The classification (or stage), which is determined based on the results of imaging tests and biopsies, helps your doctors decide on treatment options and prognosis.

How we care for Ewing sarcoma

Fortunately, Ewing sarcoma treatments have improved dramatically in recent years, and most children who develop Ewing sarcoma have a good chance for recovery with proper treatment. Children diagnosed with Ewing sarcoma are treated at Dana-Farber/Boston Children's Cancer and Blood Disorders Center through our Bone and Soft Tissue Tumors Program. Our integrated pediatric oncology service offers — in one specialized program — the combined expertise of a leading cancer center and a world-renowned children’s hospital.

We provide the full set of options that can be used to treat bone and soft tissue tumors, and our specialists can help you determine which option is best for your child. Our pediatric oncologists have access to, and even lead, the most innovative clinical trials for Ewing sarcoma. Our surgeons have specialized expertise in complex surgeries, including limb-salvage surgery and rotationplasty, which may be used to treat Ewing sarcoma. And our radiation oncologists have access to the newest radiation therapy techniques that may also be used in the care of a child with Ewing sarcoma.

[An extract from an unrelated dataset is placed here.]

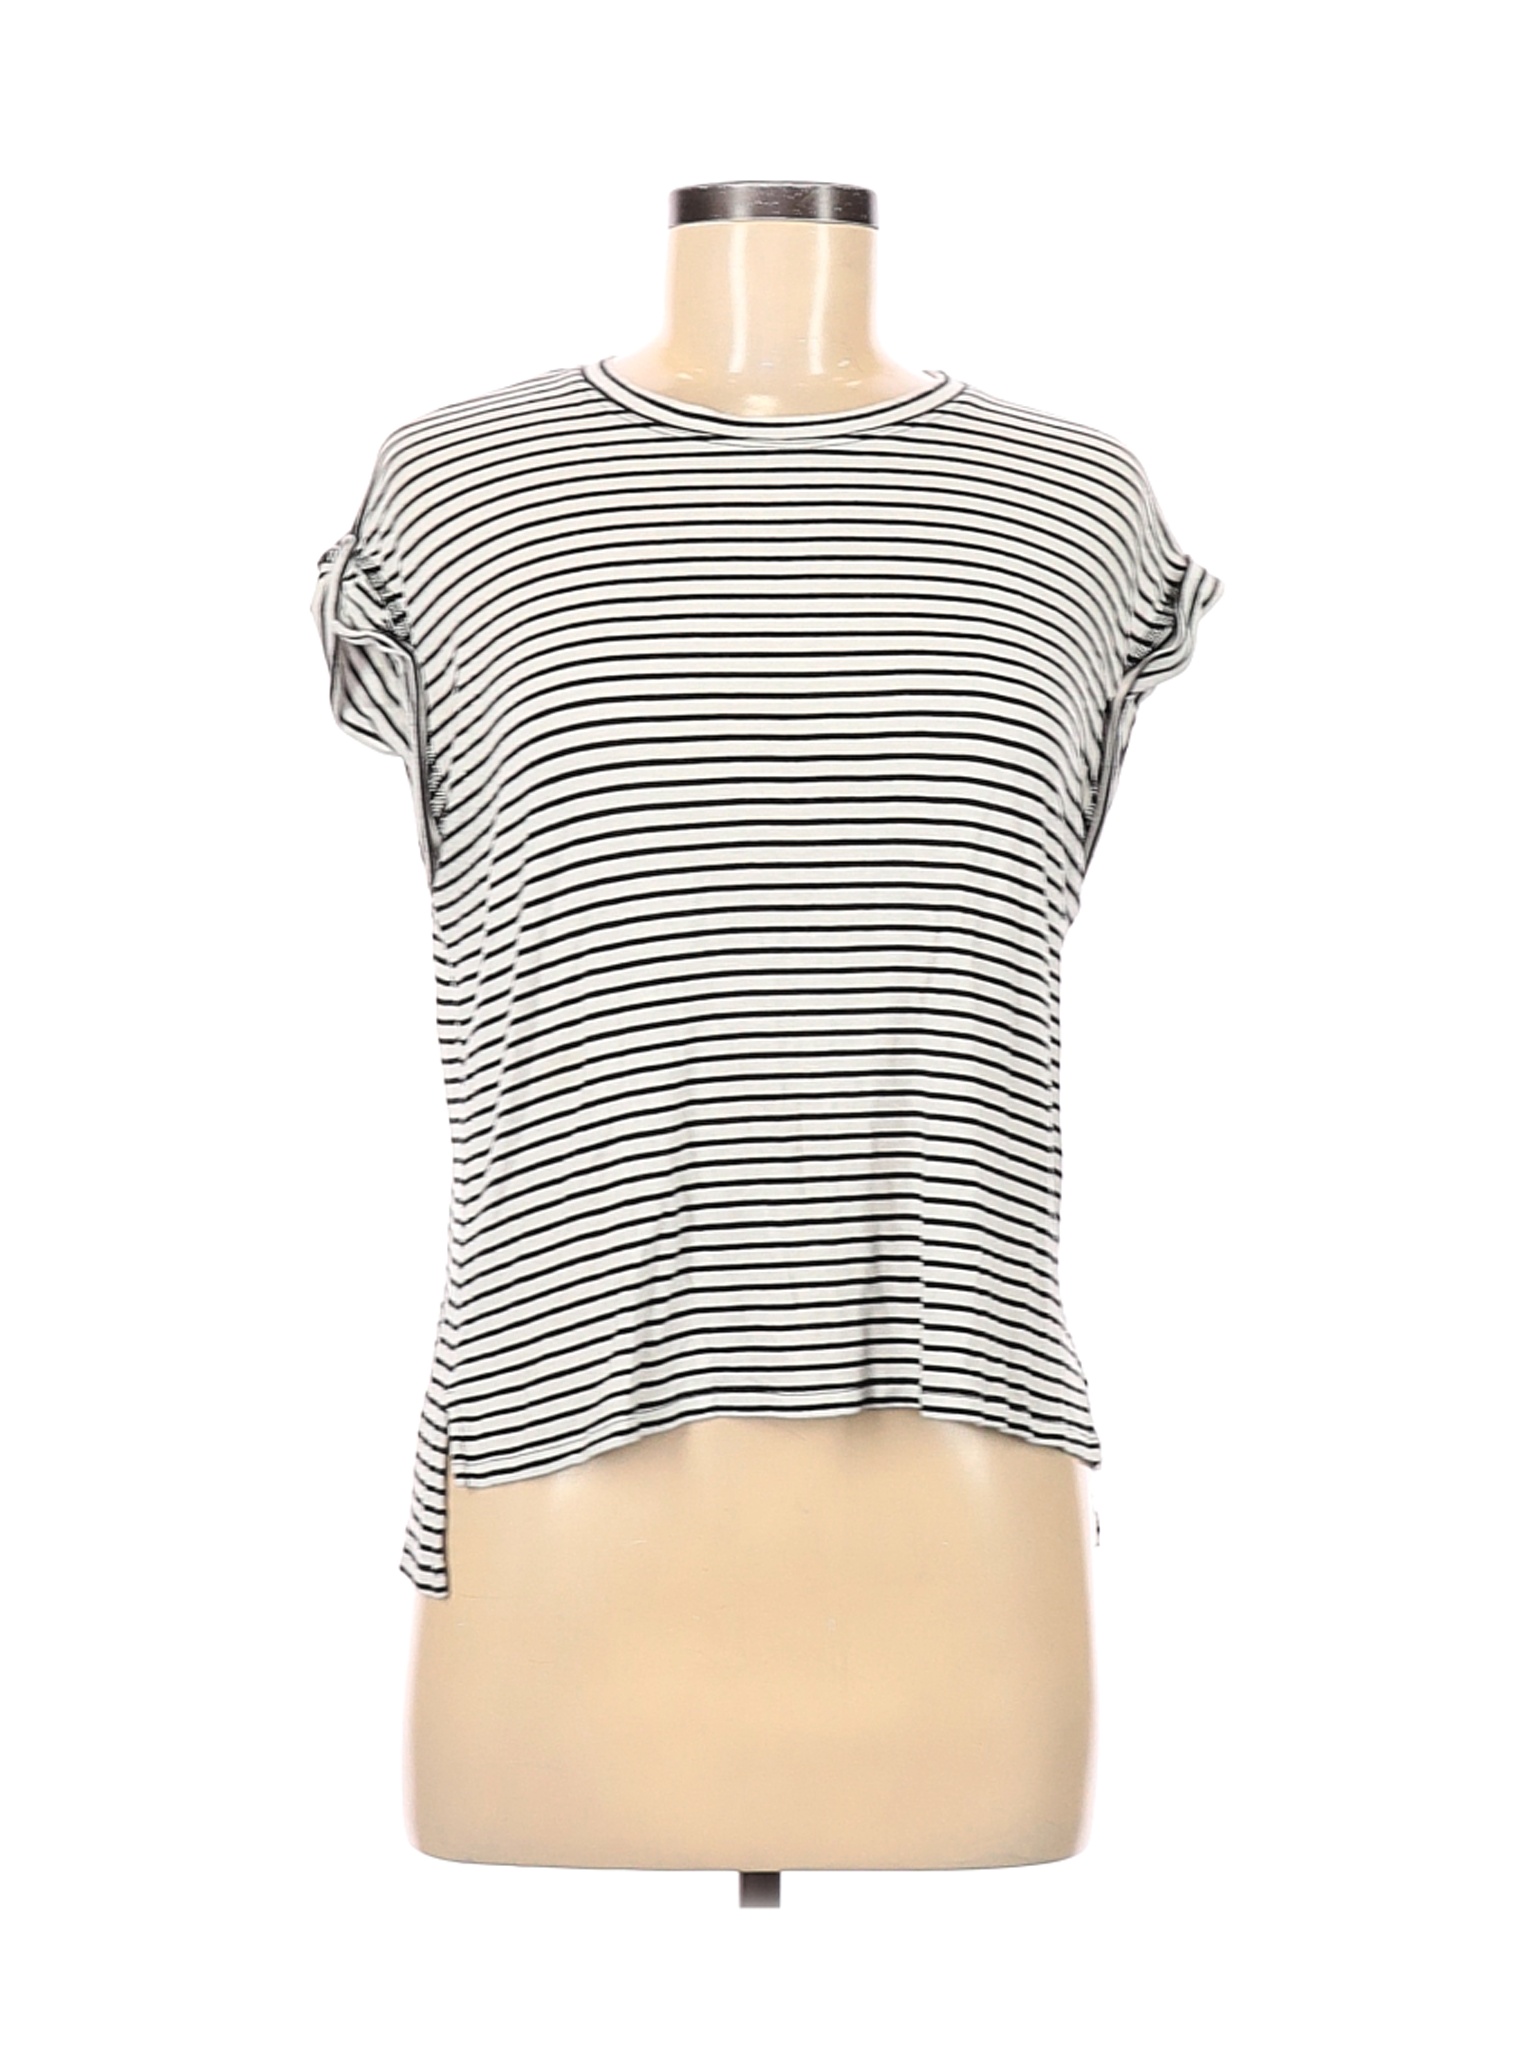 C&C California Women White Short Sleeve T-Shirt M | eBay

Our areas of research for Ewing sarcoma

Dana-Farber/Boston Children’s is one of the top pediatric research centers in the world, with top researchers in Ewing sarcoma. Our research program includes laboratory scientists and clinical researchers from both Dana-Farber Cancer Institute and Boston Children’s Hospital. We investigate Ewing sarcoma from every angle — from examining cells under the microscope to tracking response to current drug regimens — so that we can create better treatments for your child.

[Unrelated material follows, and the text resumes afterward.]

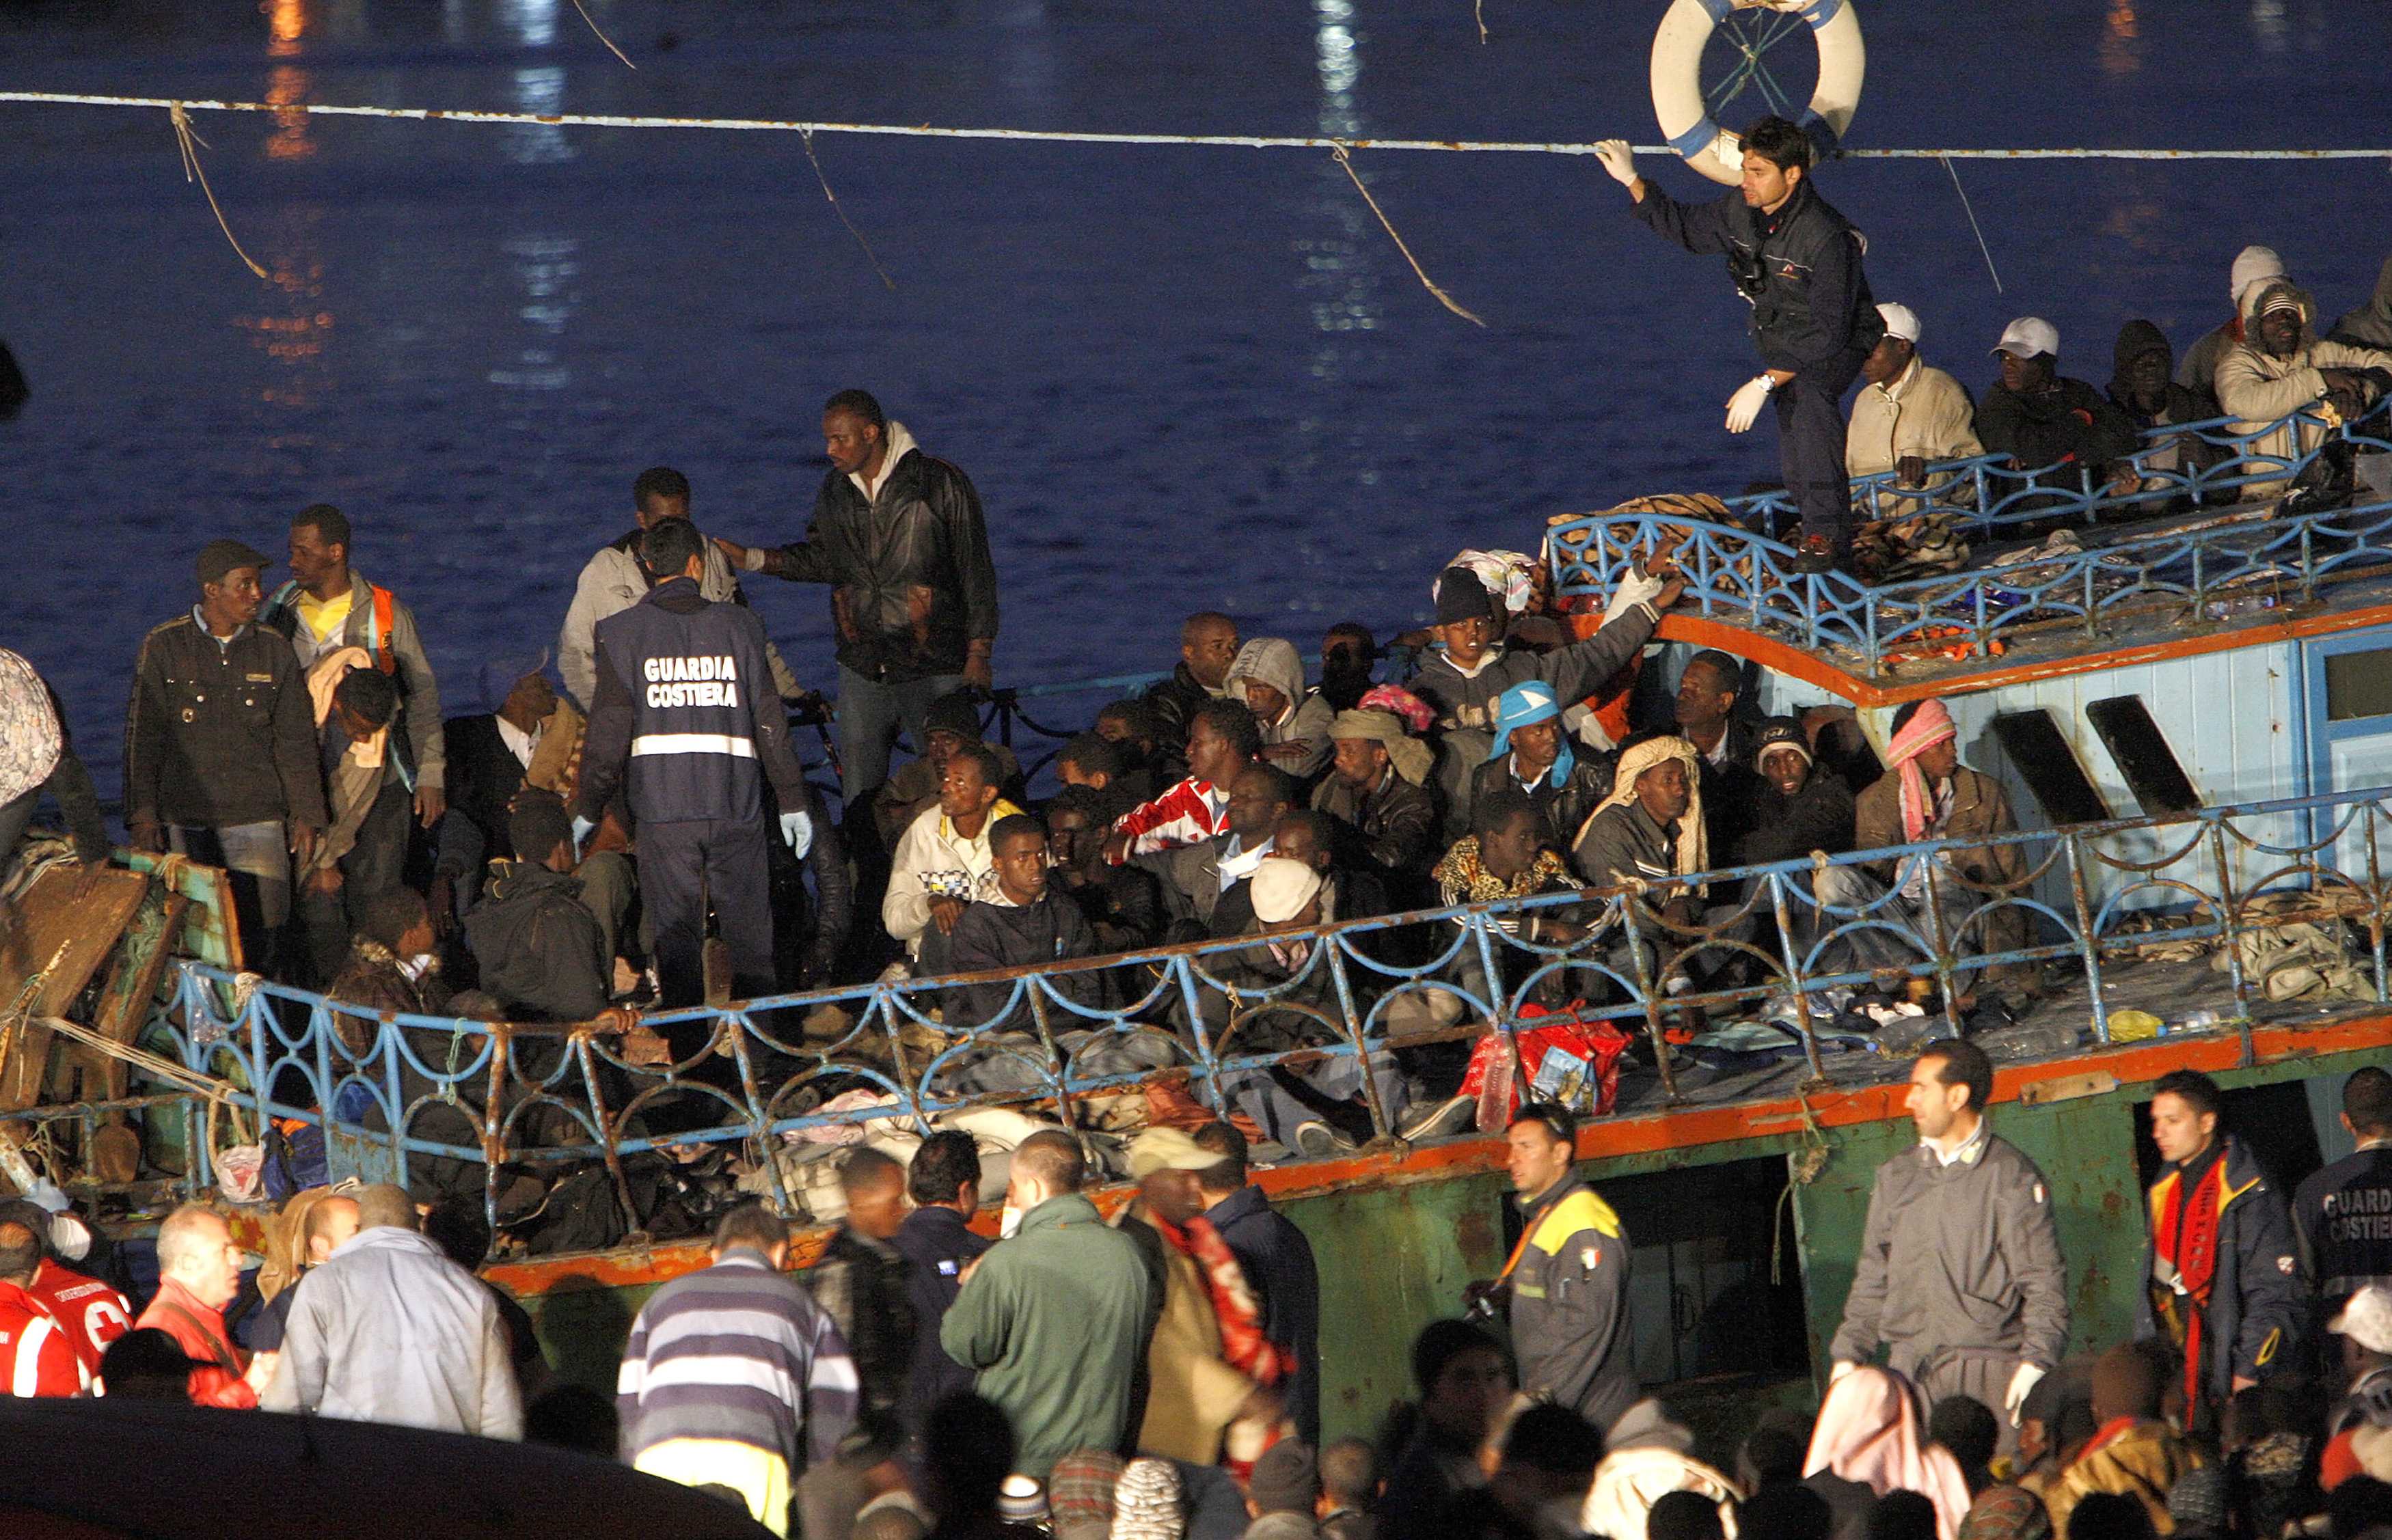 Ευρωκαταδίκη της Ιταλίας για κράτηση και απέλαση προσφύγων το 2011

Our laboratory researchers have helped to define the gene changes in Ewing sarcoma cells beyond the known translocation seen in these cells. We are also developing tools to detect low levels of Ewing sarcoma cells in the blood and bone marrow. These tools may help us to improve how we monitor response to treatment.

Ewing sarcoma clinical trials

Clinical trials, or research studies evaluating new treatment approaches, are a major offering at Dana-Farber/Boston Children’s. We were one of the first centers to perform limb-salvage surgery for patients with bone cancers like Ewing sarcoma. Today, our clinical researchers continue to develop new approaches to the treatment of Ewing sarcoma.

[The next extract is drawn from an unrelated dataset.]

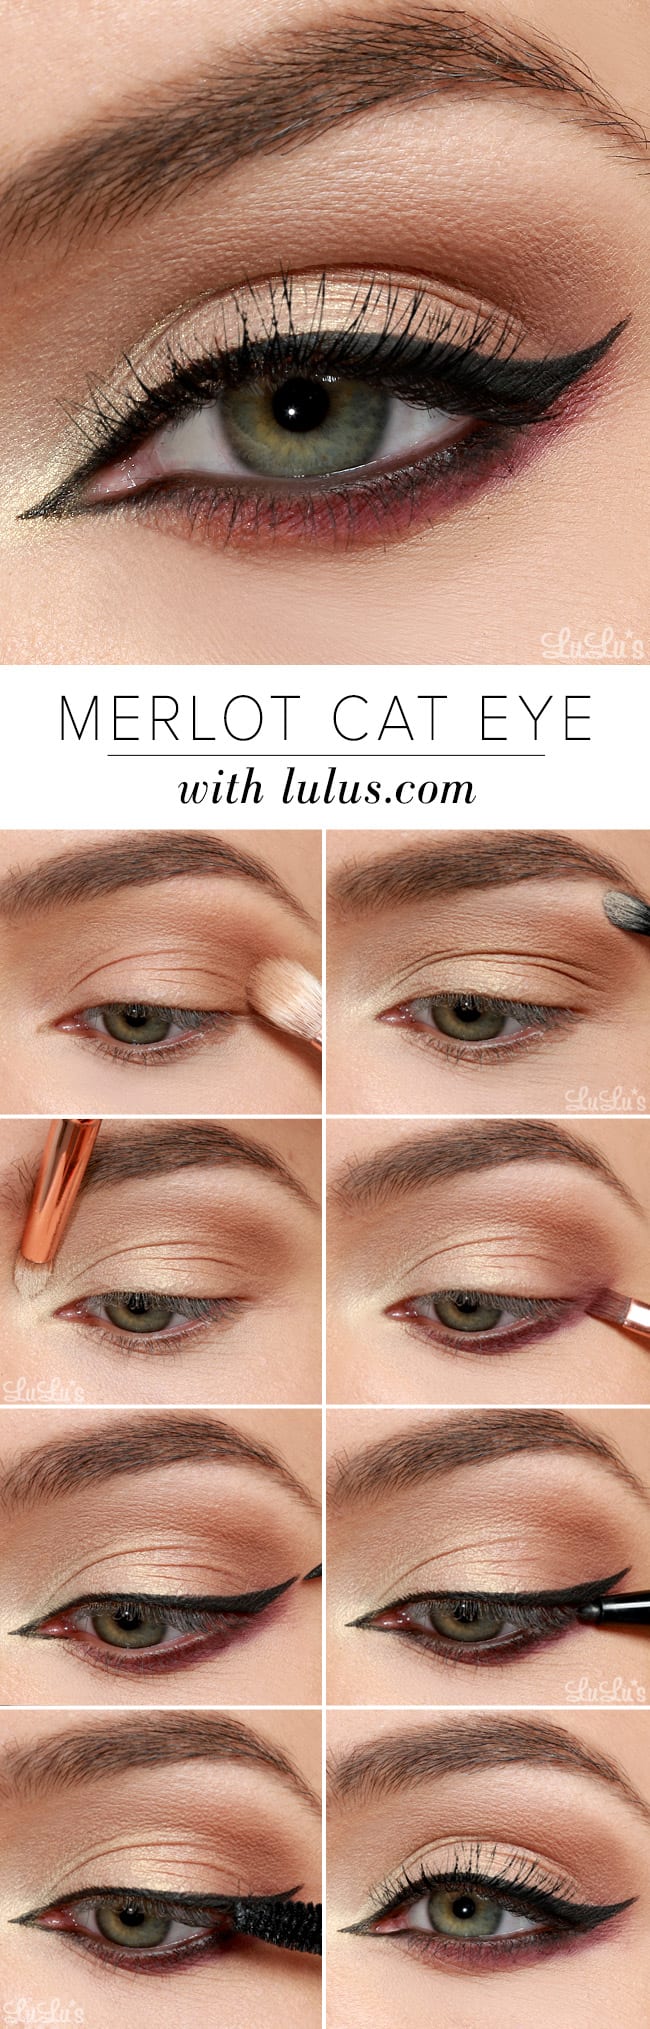 binde detail pålidelighed Lulus How-To: Merlot Cat Eye Makeup Tutorial - Lulus.com Fashion Blog

We are now conducting numerous clinical trials, mainly focusing on patients with the hardest-to-treat forms of Ewing sarcoma: metastatic Ewing sarcoma and Ewing sarcoma that has come back after initial treatment (called “relapsed” or “recurrent” disease). For example, we are leading a clinical trial for children and young adults with newly diagnosed metastatic Ewing sarcoma that compares standard treatment to standard treatment with the addition of a drug that blocks an important growth pathway in Ewing sarcoma (called the “IGF-1R pathway”).

We offer enrollment in both independent and cooperative treatment studies, many of which are available only at our center. If you’re not sure which clinical trials might be right for your child, email us at clinicaltrials@danafarberbostonchildrens.org. We can help you navigate your options. The Children's Oncology Group is a consortium of cancer treatment centers across the United States, Canada, and other countries that conduct studies of nearly every kind of pediatric cancer. Our participation in this group gives children with cancer unparalleled access to the newest clinical trials.